Para peneliti Denmark memeriksa tingkat lima jenis PFAS dalam plasma dari 381 peserta tersebut. Mereka menemukan hubungan yang signifikan antara peningkatan berat badan dan tingkat kimiawi, terlepas dari pola makannya.

Dua kelompok bahan kimia: PFOA dan PFHxS, hampir dua kali lipat sejalan dengan kenaikan berat badan 1,5 kg di semua kelompok diet. Penambahan berat badan yang terkait dengan paparan PFAS juga ditemukan lebih signifikan daripada penambahan berat badan yang dikaitkan dengan diet suboptimal.

Karena itu, paparan racun lingkungan tertentu dapat menjelaskan keberhasilan variabel dari beberapa diet, seperti diet rendah karbohidrat.
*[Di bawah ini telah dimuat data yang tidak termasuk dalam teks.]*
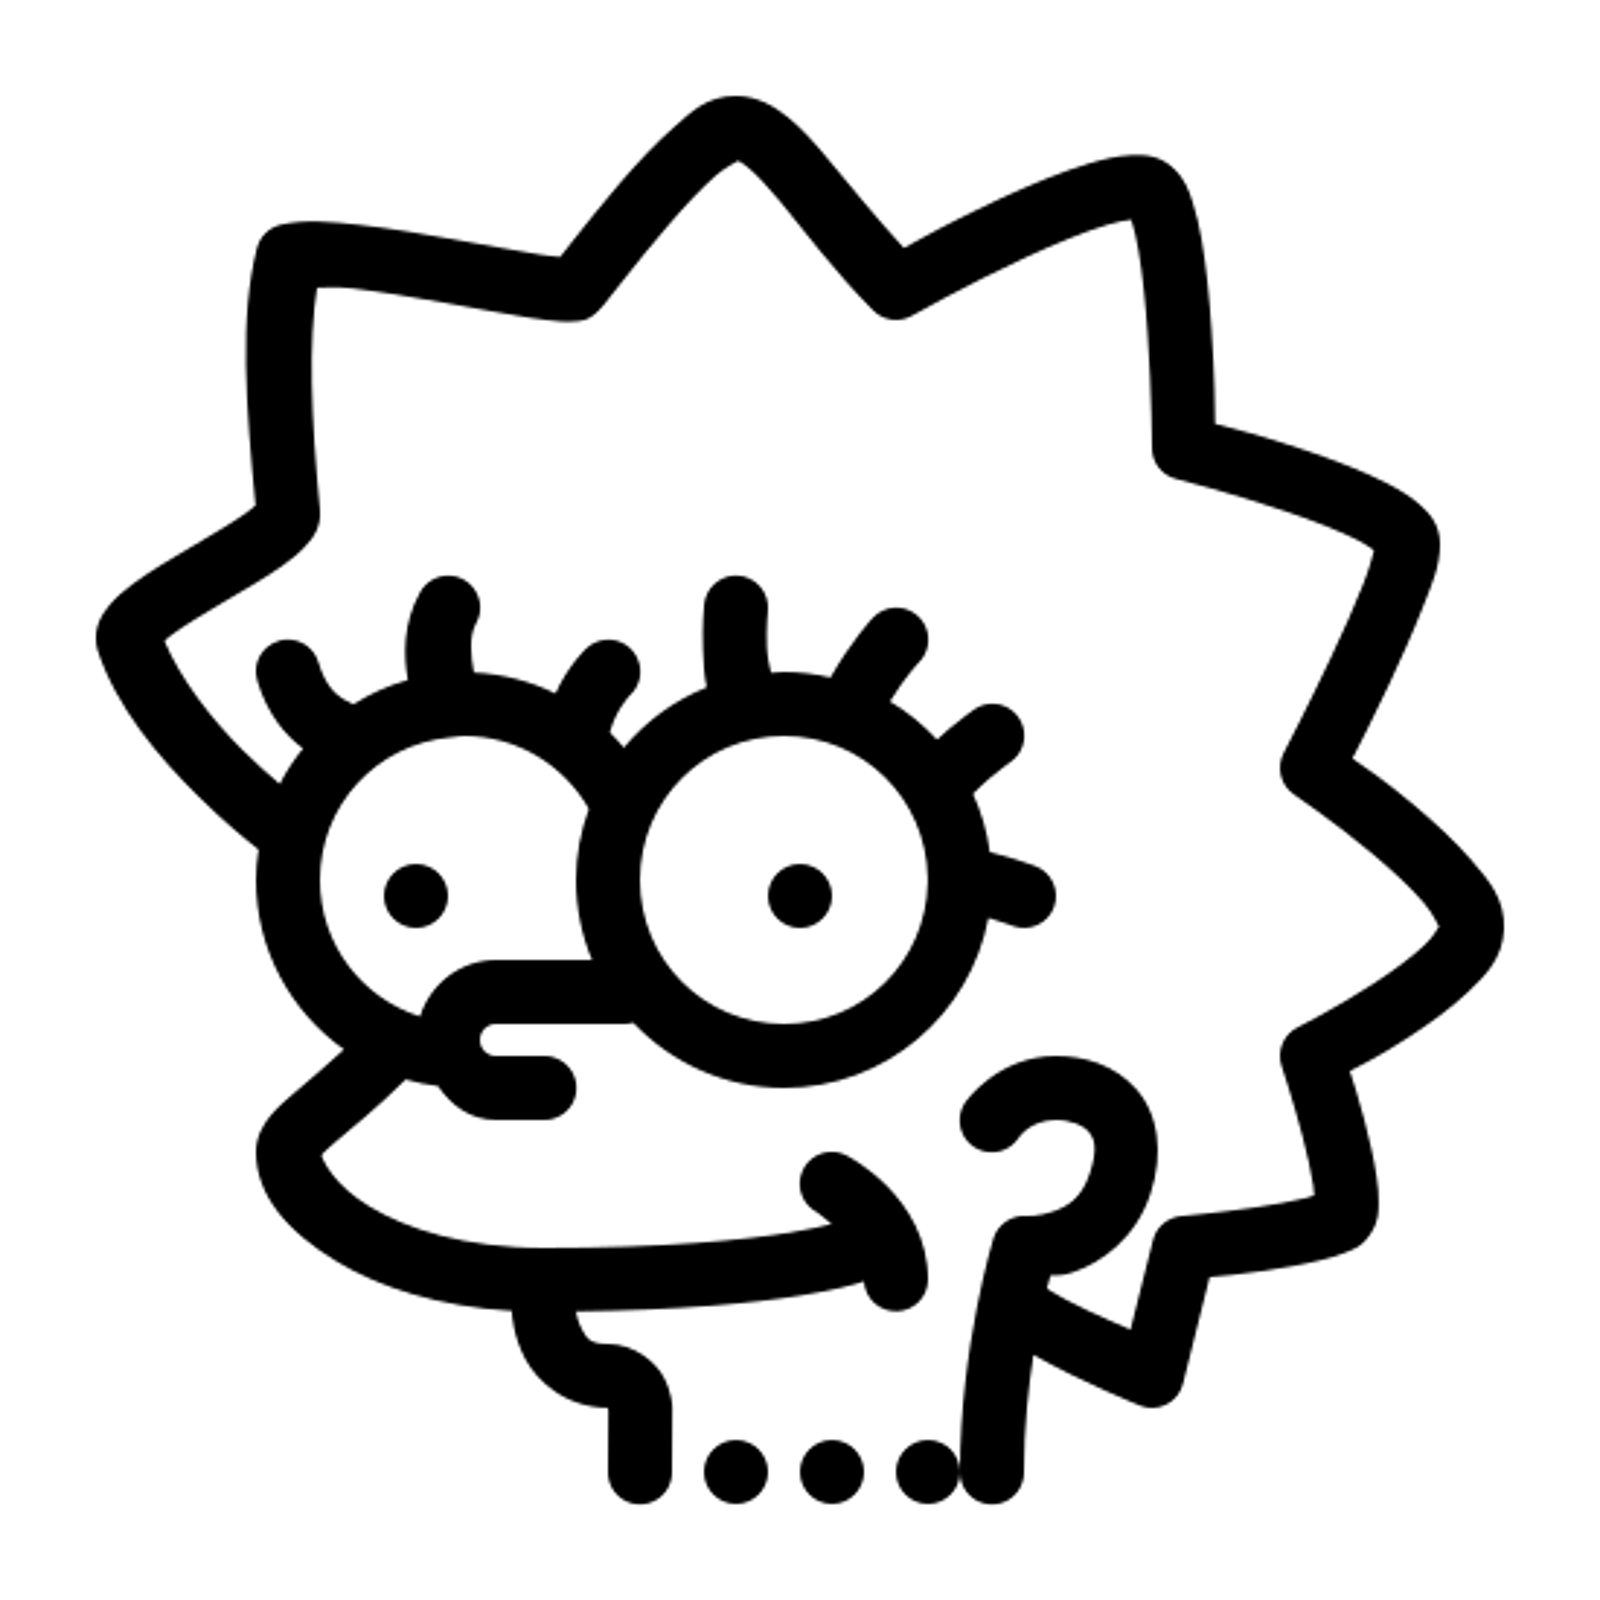 Lisa Simpson icon

Studi sebelumnya telah menunjukkan bahwa PFAS dapat mengubah metabolisme energi, kontrol glukosa, dan homeostasis hormon tiroid, yang semuanya berimplikasi pada berat badan.

3 dari 4 halaman

Studi Lainnya tentang Bahan Kimia Forever

Studi terbaru yang diterbitkan dalam JHEP Reports adalah yang pertama menunjukkan hubungan yang jelas antara PFAS dan karsinoma hepatoseluler nonviral (jenis kanker hati yang paling umum) pada manusia. "Ini dibangun di atas penelitian yang ada, tapi membawanya satu langkah lebih jauh," kata Jesse Goodrich, peneliti kesehatan masyarakat pascadoktoral di Keck School of Medicine of the University of Southern California, dikutip dari New York Post, 18 Agustus 2022.

Ia menyambung, "Kanker hati adalah salah satu titik akhir paling serius pada penyakit hati dan ini adalah studi pertama pada manusia yang menunjukkan bahwa PFAS terkait dengan penyakit ini."

Menunjukkan hubungan antara PFAS dan kanker pada manusia bukanlah hal yang mudah bagi para ilmuwan. "Sebagian alasan mengapa hanya ada sedikit penelitian pada manusia adalah karena Anda memerlukan sampel yang tepat,” tambah profesor Fakultas Kedokteran Keck Veronica Wendy Setiawan.

"Ketika melihat paparan lingkungan, Anda memerlukan sampel jauh sebelum diagnosa karena kanker membutuhkan waktu untuk berkembang," imbuhnya.

4 dari 4 halaman

Hubungan PFAS dengan Kanker

Demi membuat lompatan ini, para peneliti diberi akses ke database Studi Kelompok Multietnis, yang mencakup survei perkembangan kanker di lebih dari 200 ribu penduduk Hawaii dan Los Angeles, California, yang dirangkum Universitas Hawaii.

Pencarian mereka dipersempit jadi 100 peserta survei, dengan 50 di antaranya mengidap kanker hati dan sisanya tidak. Para peneliti mencari jejak bahan kimia "forever" yang ada di dalam tubuh sebelum kelompok penderita kanker jadi sakit.

Mereka dilaporkan menemukan beberapa jenis PFAS di antara peserta, dengan PFOS muncul paling menonjol di antara mereka dalam kelompok dengan kanker hati. Penyelidikan tersebut mengungkap bahwa mereka yang termasuk dalam 10 persen teratas dari paparan PFOS 4,5 kali lebih mungkin mengembangkan karsinoma hepatoseluler dibandingkan dengan mereka yang paling sedikit paparan.

Hubungan yang jelas antara PFAS dan kanker pada manusia sangat penting untuk dibuktikan dalam studi lebih lanjut tentang bagaimana bahan kimia ini mengganggu proses biologis. Berdasarkan temuan saat ini, para ilmuwan USC percaya bahwa paparan konsentrasi tinggi PFOS telah mengganggu kemampuan hati untuk memetabolisme glukosa, asam empedu, dan asam amino.